The R2 value is the commonly used measure of the adequacy of the linear model. We can test for its statistical significance with the help ANOVA and understand the p-value. Now the question arises for the researcher. If the regression model is used to predict the values of Y at the know values of X, will these estimates match with the actual Y values or will there be any difference? If so what would be the average error? The Software’s (Excel/ SPSS) resolves these issues as a part of the regression analysis by selecting the Residuals and residual plots, Line fit plot, and the Normal probability plots (Q-Q plots).

Residuals and residual plots: The difference between the actual and the predicted value of Y form a given model is called the residual. If the model is a good fit to the data, we can expect these residuals to be close to zero. However they do differ and software shows these differences in the form of residual output. Software also provides the plot of these standardized residuals.

Line fit plot: The plot of the actual and predicted values obtained from the regression model is shown in line fit graph. This is useful to judge the adequacy of the model. If many of the predicted values differ from the actual values we may consider the model is not good representative of the relationship.

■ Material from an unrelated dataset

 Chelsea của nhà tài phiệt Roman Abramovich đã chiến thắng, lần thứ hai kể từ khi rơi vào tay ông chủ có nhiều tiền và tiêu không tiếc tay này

Normal probability plots (Q-Q plots): The Normal probability plots are used to test the normality of a data which is one of the assumptions in regression analysis. It is a plot of the observed data against the normal quartiles. If the data has truly come from a normal population, we can expect a linear fit between normal quartiles and observed values. This method works well when the number of values is moderately large (Kachigan Sam Kash, 1986).

Covariance: The term ‘Covariance’ is a measure of the relationship between two ranges of data. It can be used to determine whether two ranges of data move together, i.e., whether large values of one set are associated with large values of the other (positive covariance), whether small values of one set are associated with large values of the other(negative covariance), or whether values in both sets are unrelated(covariance near zero).

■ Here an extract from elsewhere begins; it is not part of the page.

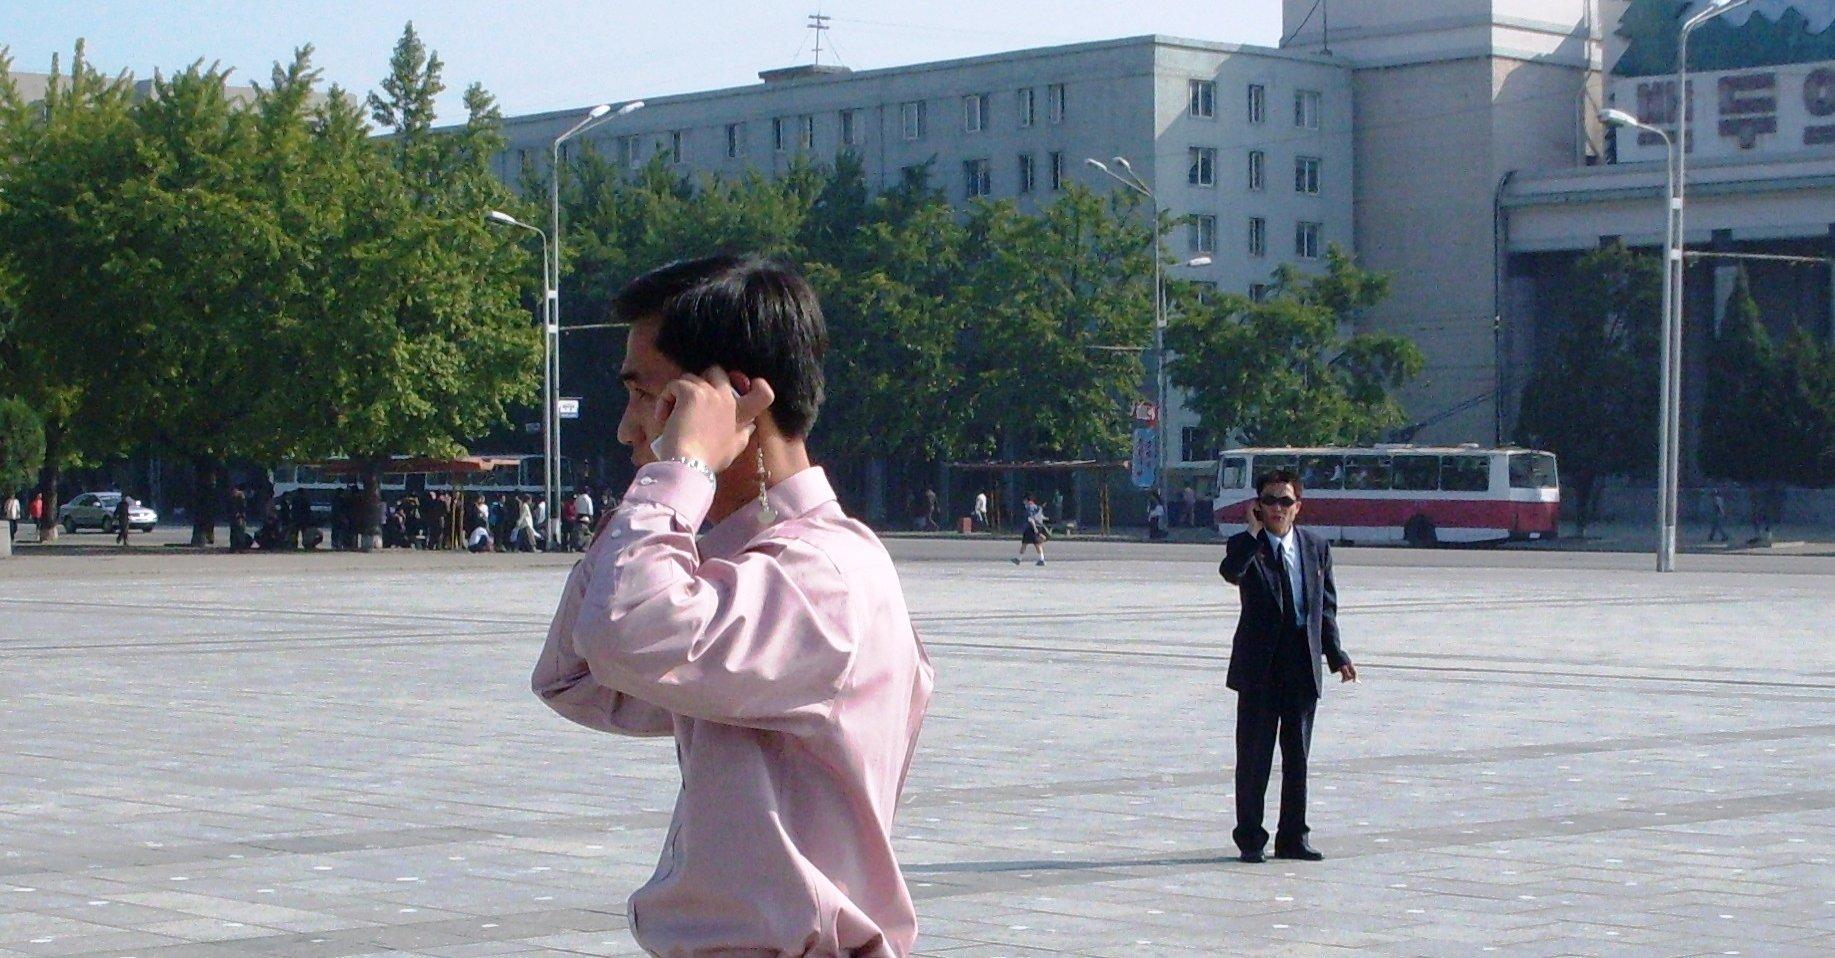 Denne mannen er fotografert av bloggeren Leonid Petrov før landesorgen. Hadde det vært i dag, ville han ha ligget ytterst tynt an. Merk den «hemmelige» agenten i bakgrunnen...

ANOVA: The ‘Analysis of Variance (ANOVA)’ is a powerful statistical tool for tests of significance. ANOVA is the ‘separation of variance ascribable to one group of causes from the variance ascribable to other group’. By this technique the total variation in the sample data is expressed as the sum of its non-negative components where each of these components is a measure of the variation due to some specific independent source or factor or cause. The ANOVA consists of the estimation of the amount of variation due to each of the independent factors (causes) separately and then comparing these estimates due to assignable factors (causes) with estimate due to chance factor (causes), the later being known as experimental error or simply error.

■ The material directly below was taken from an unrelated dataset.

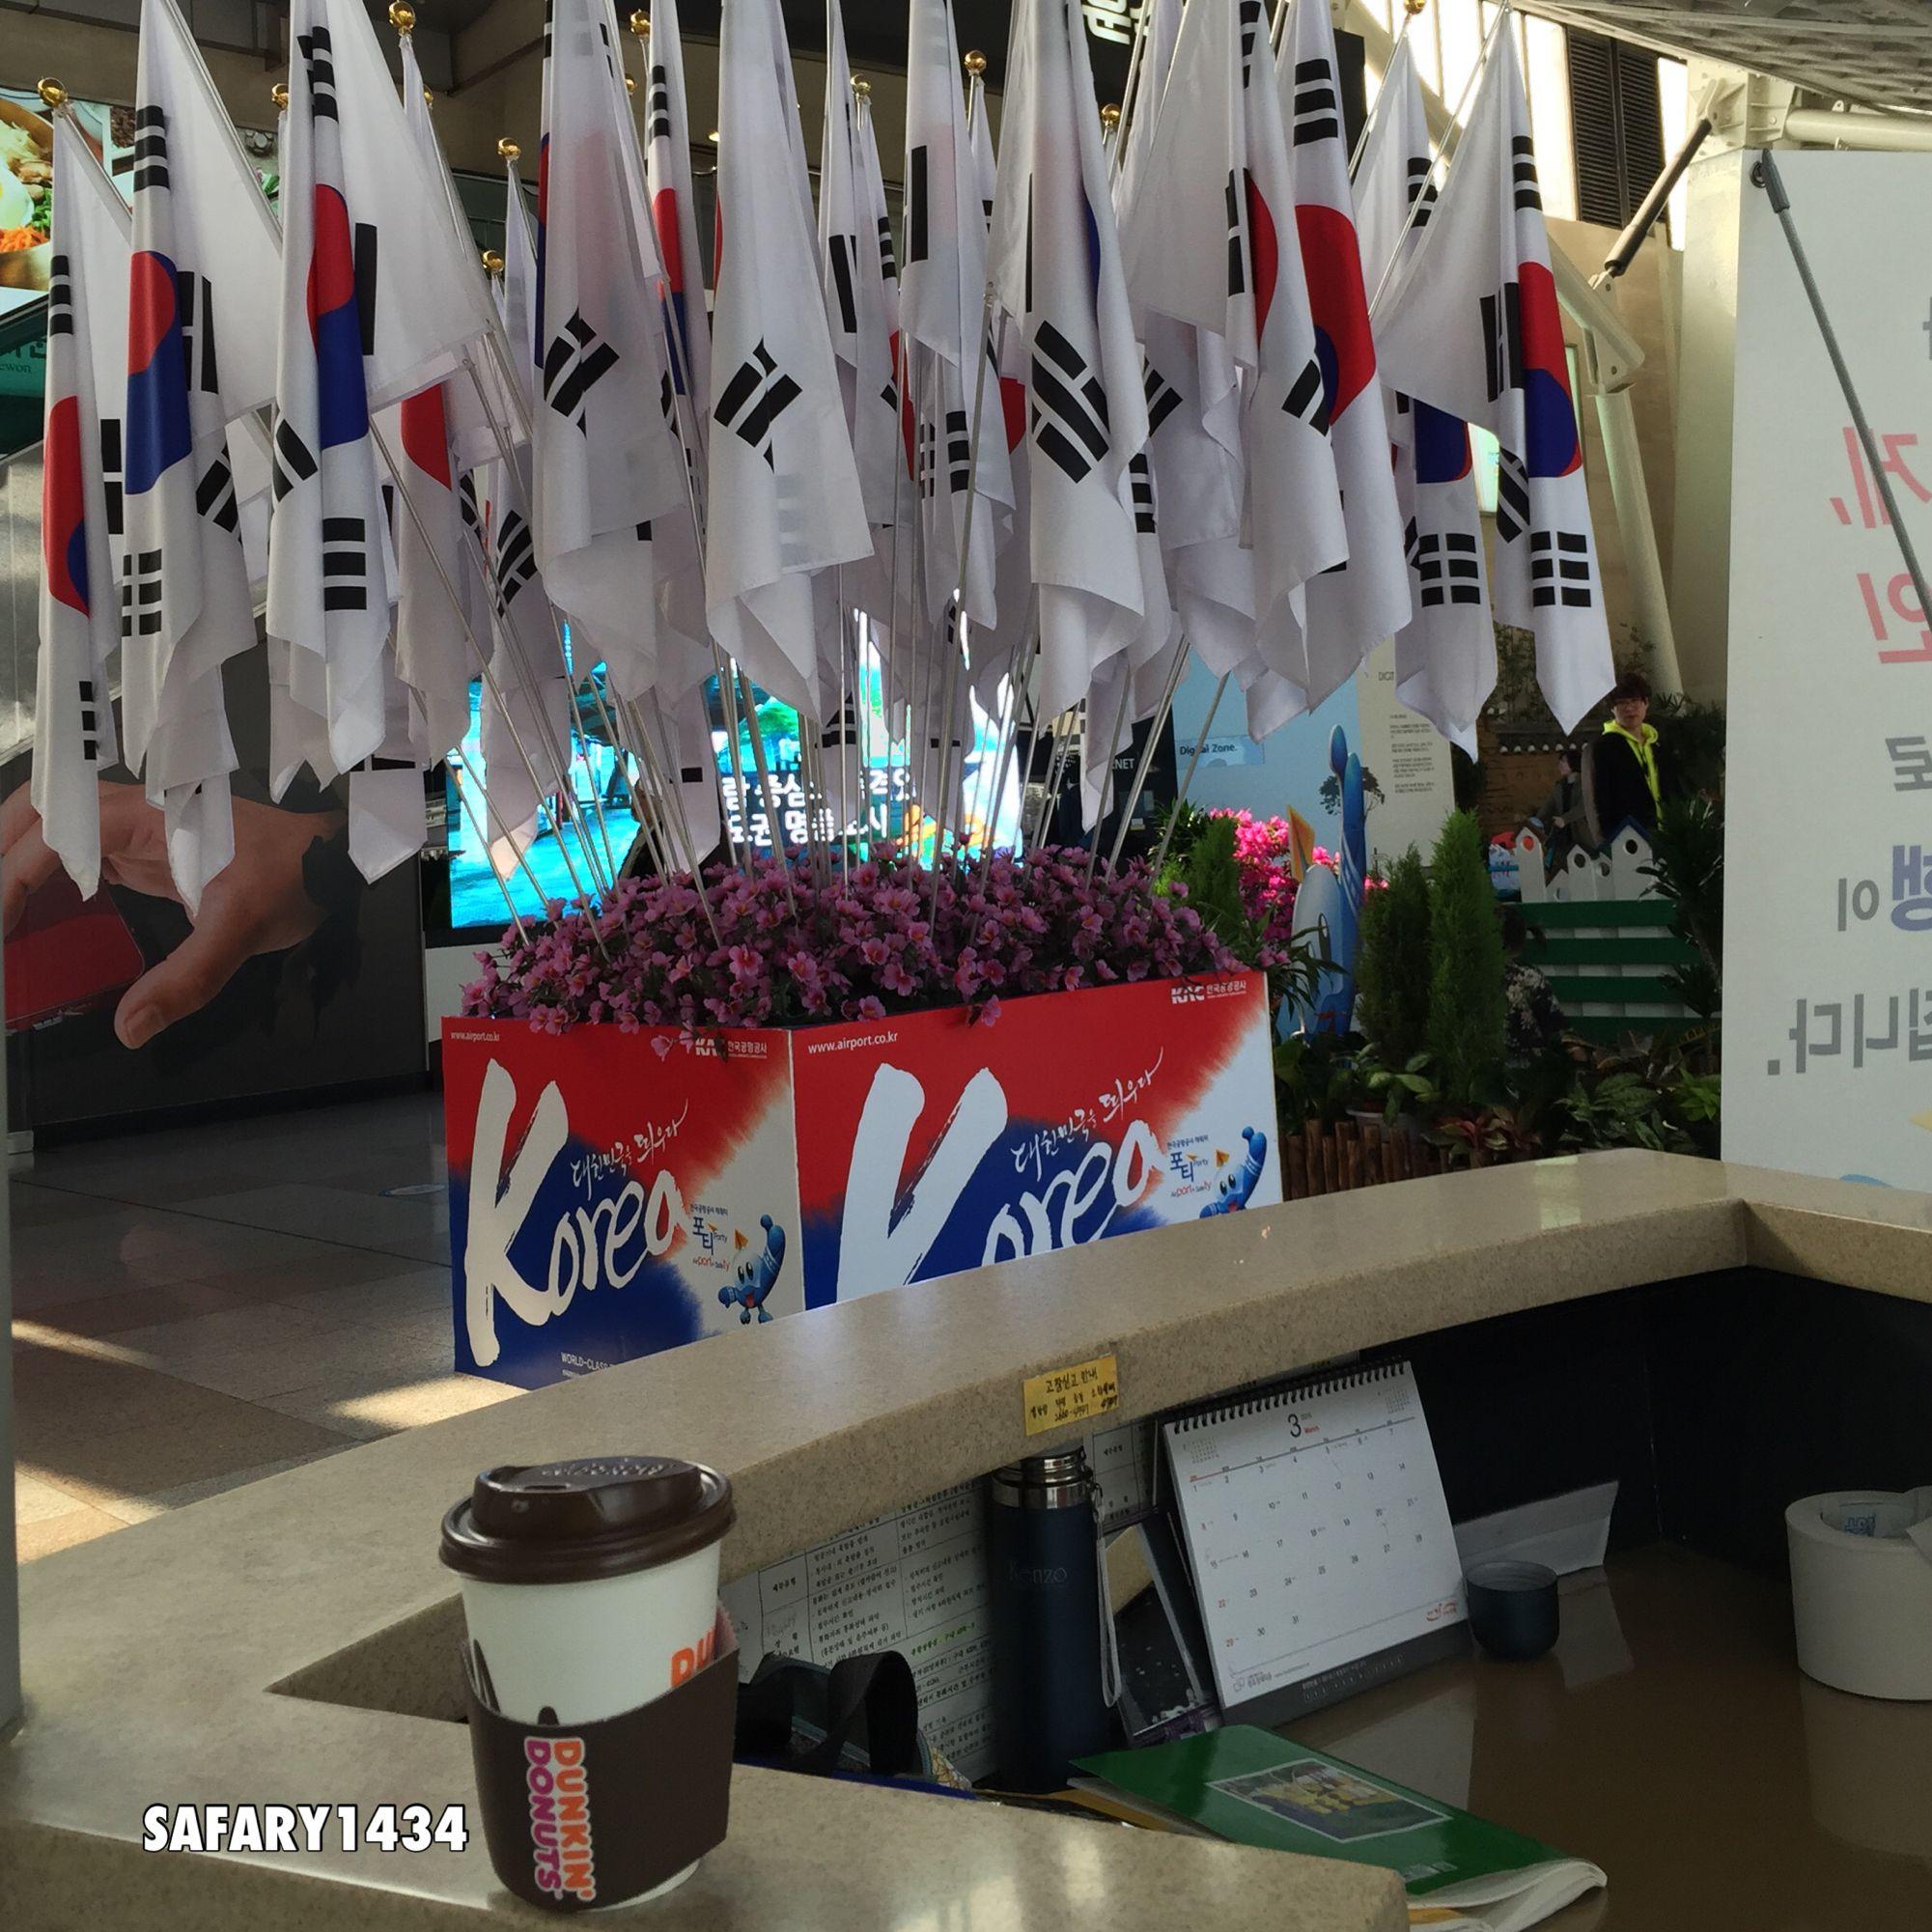 تصويري لقهوتي في مطار الداخلي في سؤول في كوريا الحنوبيه

ANCOVA: The ‘Analysis of Covariance (ANCOVA)’ simultaneously examines the variances and covariance’s among selected variables such that the treatment effect on the character of primary interest is more accurately characterized than by use of analysis of variance only. Analysis of covariance requires measurement of the character of primary interest plus the measurement of one or more variable known as covariates. It also requires that the functional relationship of the covariate with the character of primary interest is known beforehand. The ANOVA and ANCOVA tools will be used in all Basic and Factorial designs.

EXPERIMENTAL DESIGNS

Any scientific investigation involves formulation of certain assertions (or hypotheses) whose validity is examined through the data generated from an experiment

conducted for the purpose. Thus experimentation becomes an indispensable part of every scientific endeavour and designing an experiment is an integrated component of every research programme. Three basic techniques (principles) fundamental to designing an experiment are replication (repetition of the treatment under investigation), local control (homogeneous blocking), and randomization (random allocation of the treatments to experimental units). Whereas the first two help to increase precision in the experiment, the last one is used to decrease bias (Nigam and Gupta, 1979).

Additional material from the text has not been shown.